Don’t waste your spoons on guilt and your kids are your incentive to keep on striving to get back to near normal as you can. Everything is an education for kids and your stroke is one that will teach them caring and compassion, patience and understanding. They’ll learn more independence, to do more for themselves and remember kids love playing at being the grownup. You give them a sense of pride in themselves when you ask them to do something you can’t manage.
In time, over the coming months you will all settle into a new routine, a new way of life. Which is a bit like settling in to a new house, in new neighbourhood. It just takes time to find your feet but you will get there. Forget the guilt, its a wasted emotion in this particular circumstance. You don’t want it dragging you down because then your kids will suffer. So start living again and finding enjoyment in this second life you and your kids have been given.
Lorraine
Stroke Improvement Group
I agree with your friend not to beat yourself up about the differences you are experiencing at this stage. Hopefully this is a transient phase for you.
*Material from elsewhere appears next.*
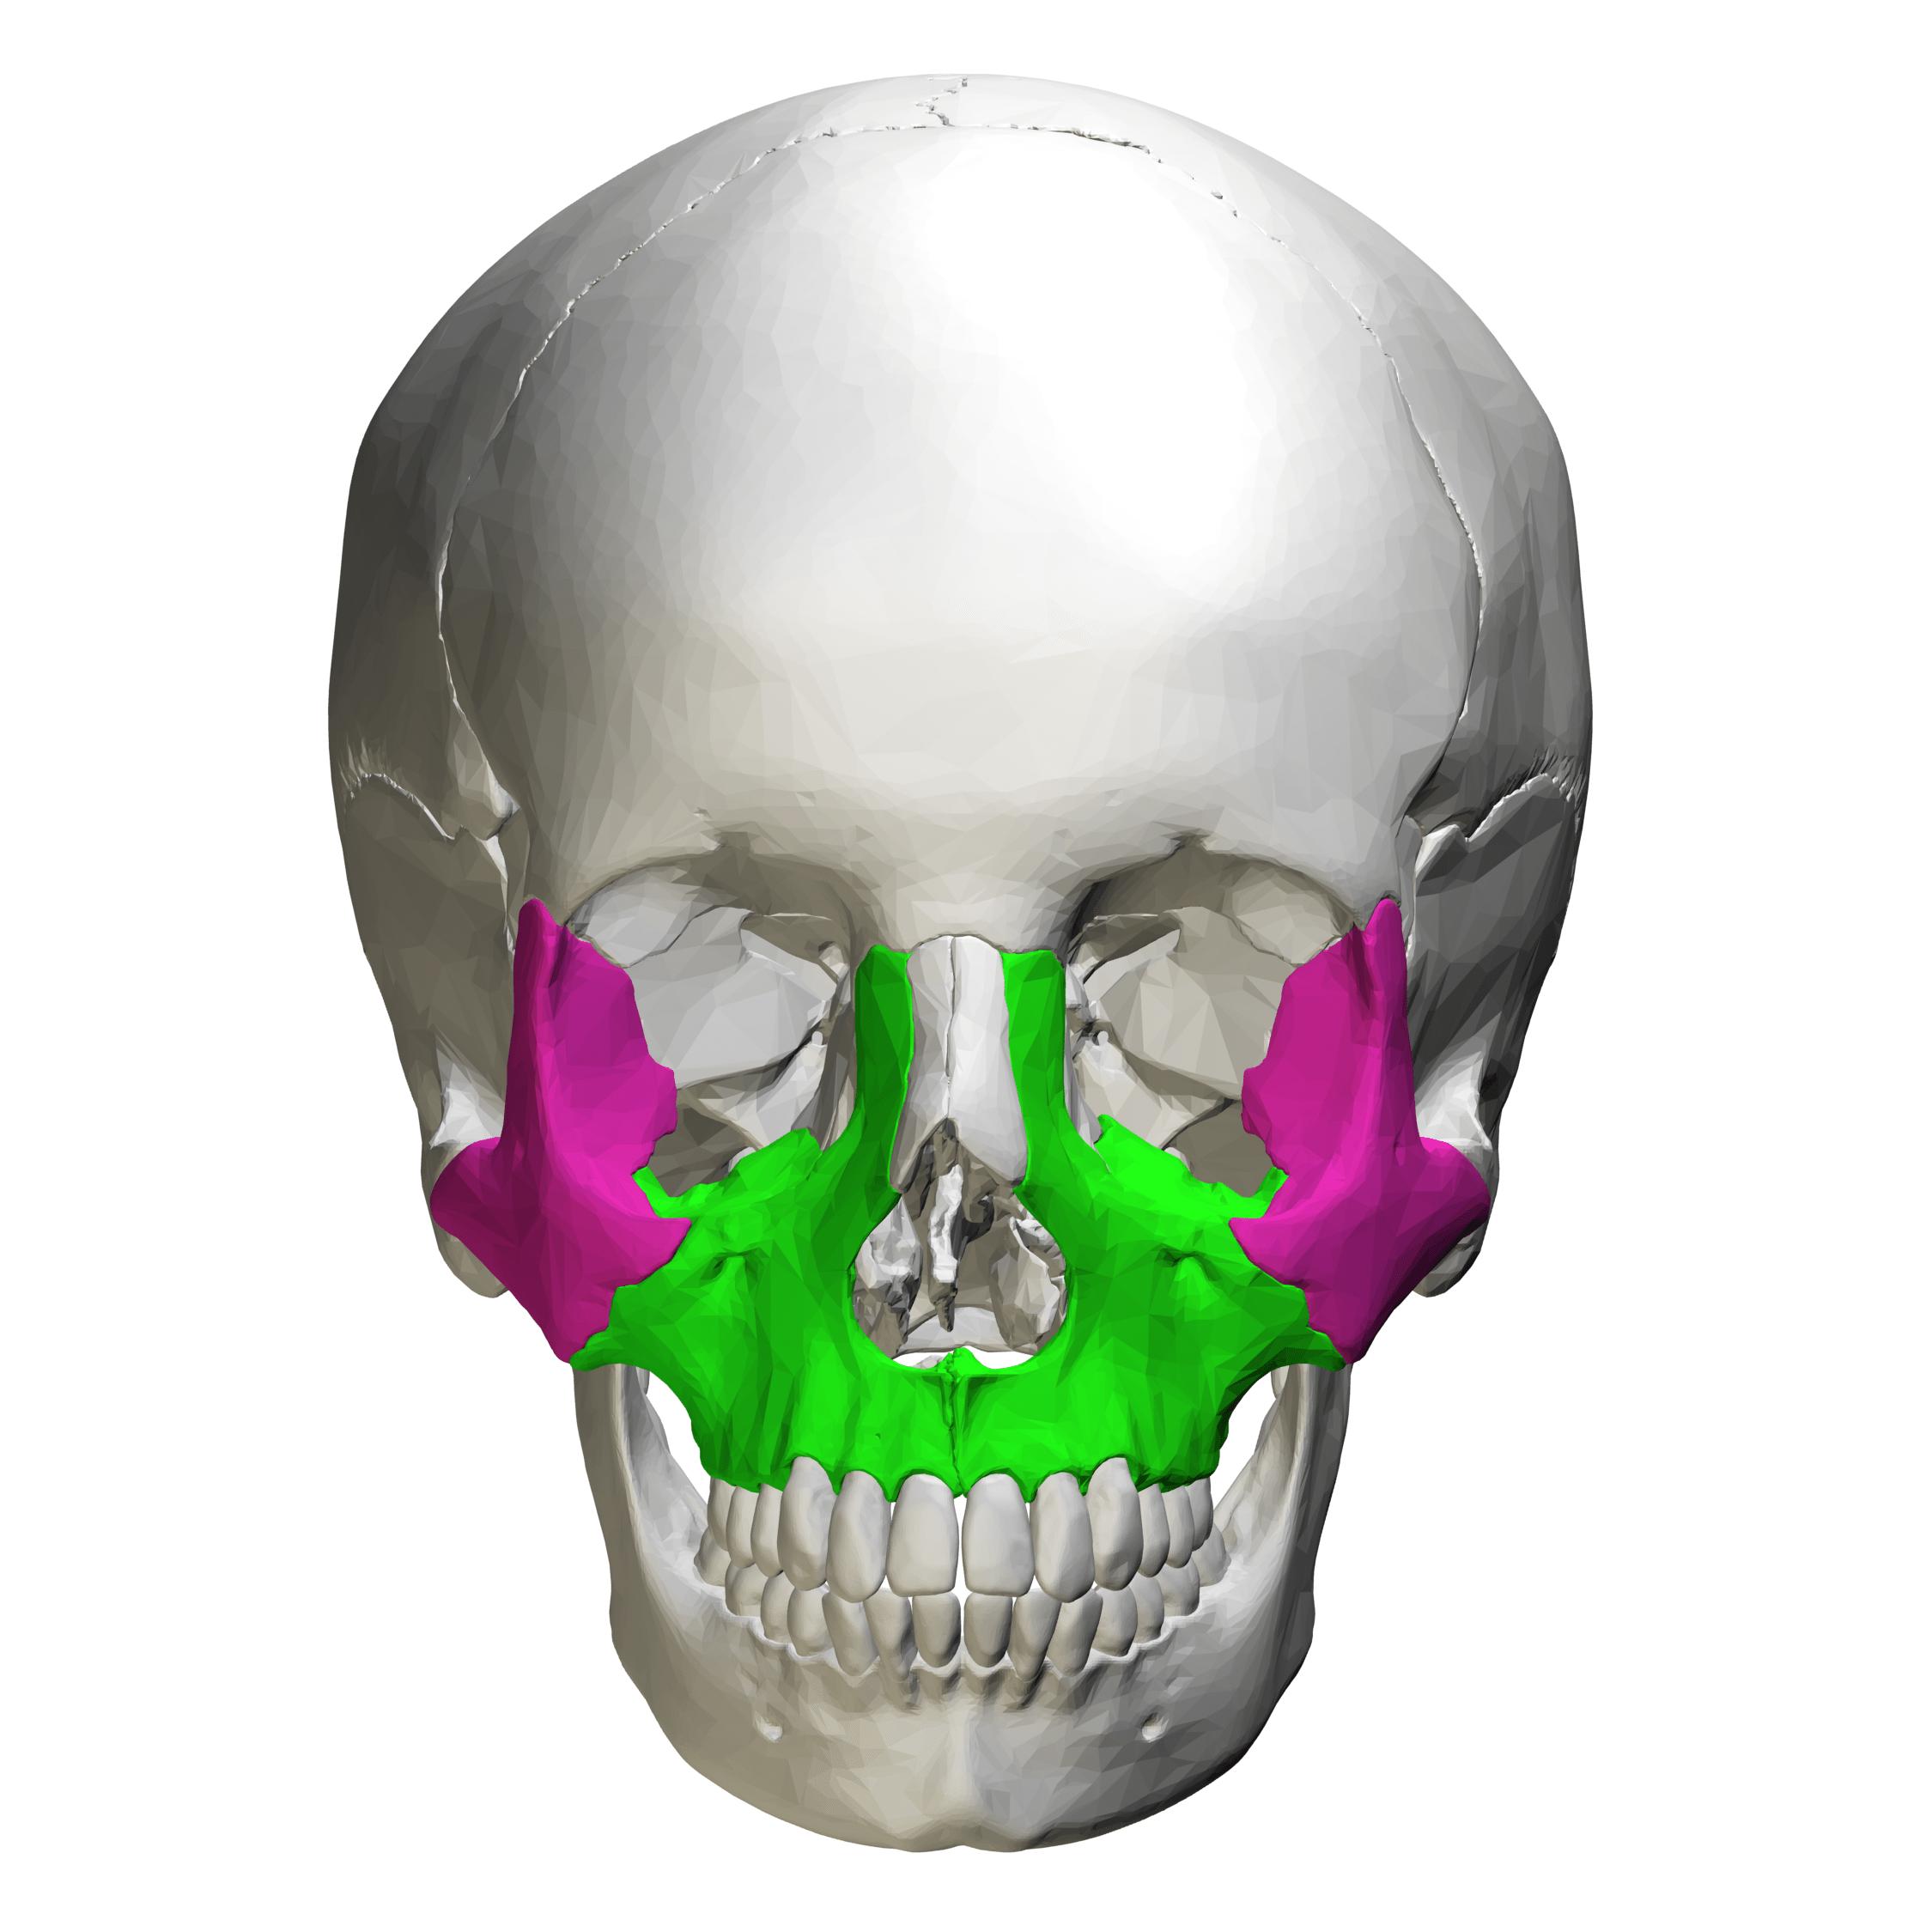 Zygomatic bone anatomy

I was told similar to you and that the negative emotion can be quite a drain of mental capacity in its own right.
As cliched as it may seems please be kind to yourself and rest when you feel you need it.
There are some youtube things that expand on this conpassion based approach. Search for CFT (Compassion focused therapy). It may feel clunky initially but I found it helpful eventually.
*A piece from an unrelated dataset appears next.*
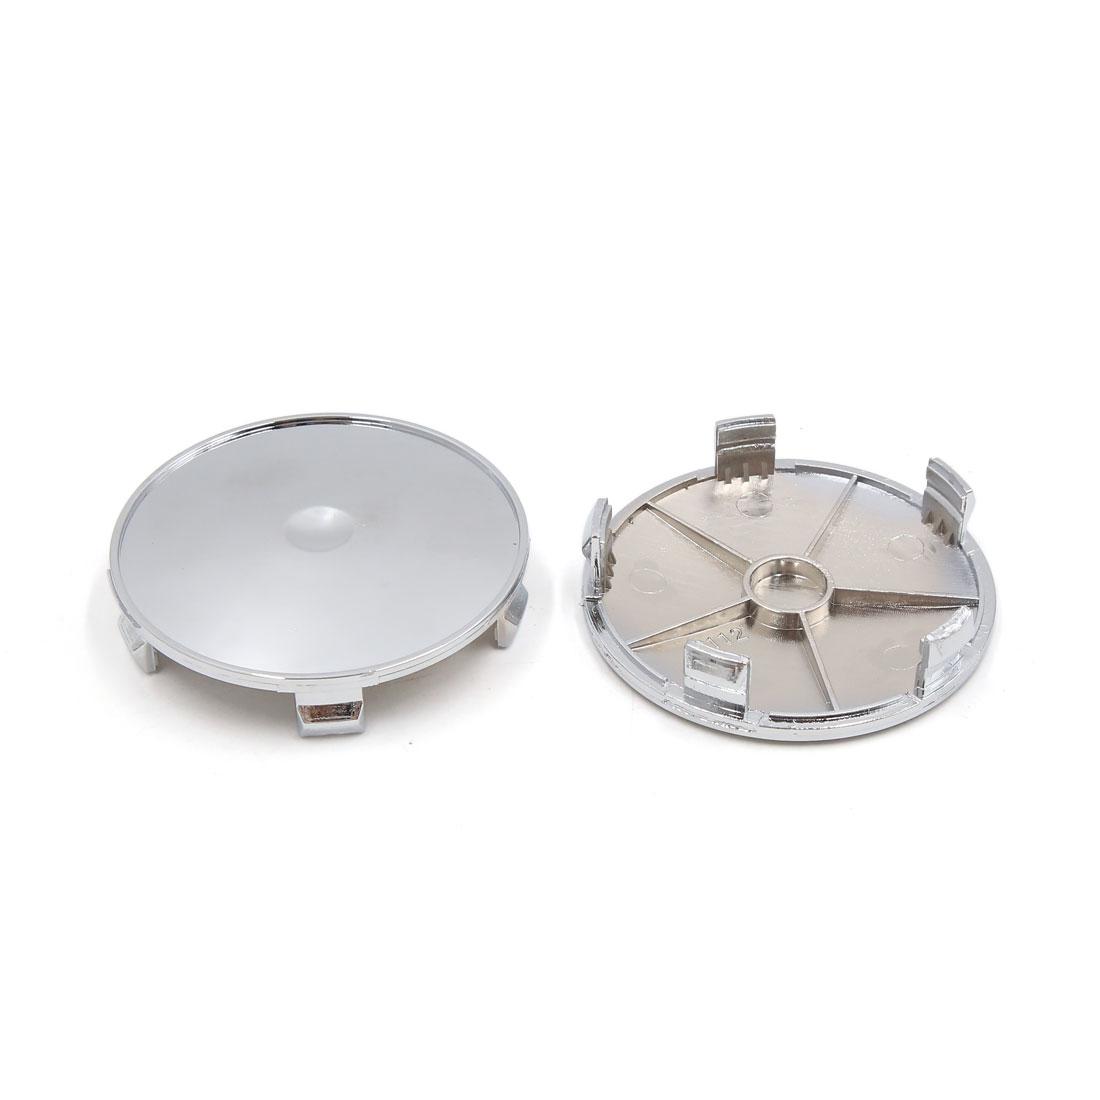 2 Pcs Silver Tone Chrome 68mm Dia 5 Lugs Car Wheel Rims Center Cap Hub Cover

Hello Lorraine @EmeraldEyes
Thank you for the link to spoons. I was sort of aware of it, but that is a brilliant, helpful description.
Julia x
You will have to find your own pathway through the maze following your stroke as they can be so different. Mine occurred just after my 68th birthday 5 years ago with a blood clot which wiped me out on my left side face speech arm & leg. I was given the clot busting drug. Whilst in Leeds General Infirmary in signed up for anything . Get Set Go was a great help as i could easily overdo things in my haste to recover & my wife was able to refer to the programme.
I was back in the gym within a month a shadow of my former self but with persistence & bloody mindness I have got back to most things I could do but I have to accept how fortunate I was/am.
Outwardly no one can tell that I am a stroke survivor but fatigue is always waiting around the corner but you can find your way to live with it & rest where you need too.
On our EGYM system @ David Lloyd i am a 73 year old man with the strength of a 21 year old & overall biological age of 53. I have worked @ it but it is possible. I drive walk enjoy life but listen to my body when running out of spoons ! Which occurs most days.
Hi,
Six years on I have learnt to manage it. I have to pace myself, know good times and bad times to tackle things etc. I have to take afternoon naps, get to bed early, not overdo things. It was a massive learning curve, life isnt what it was but you will get there eventually.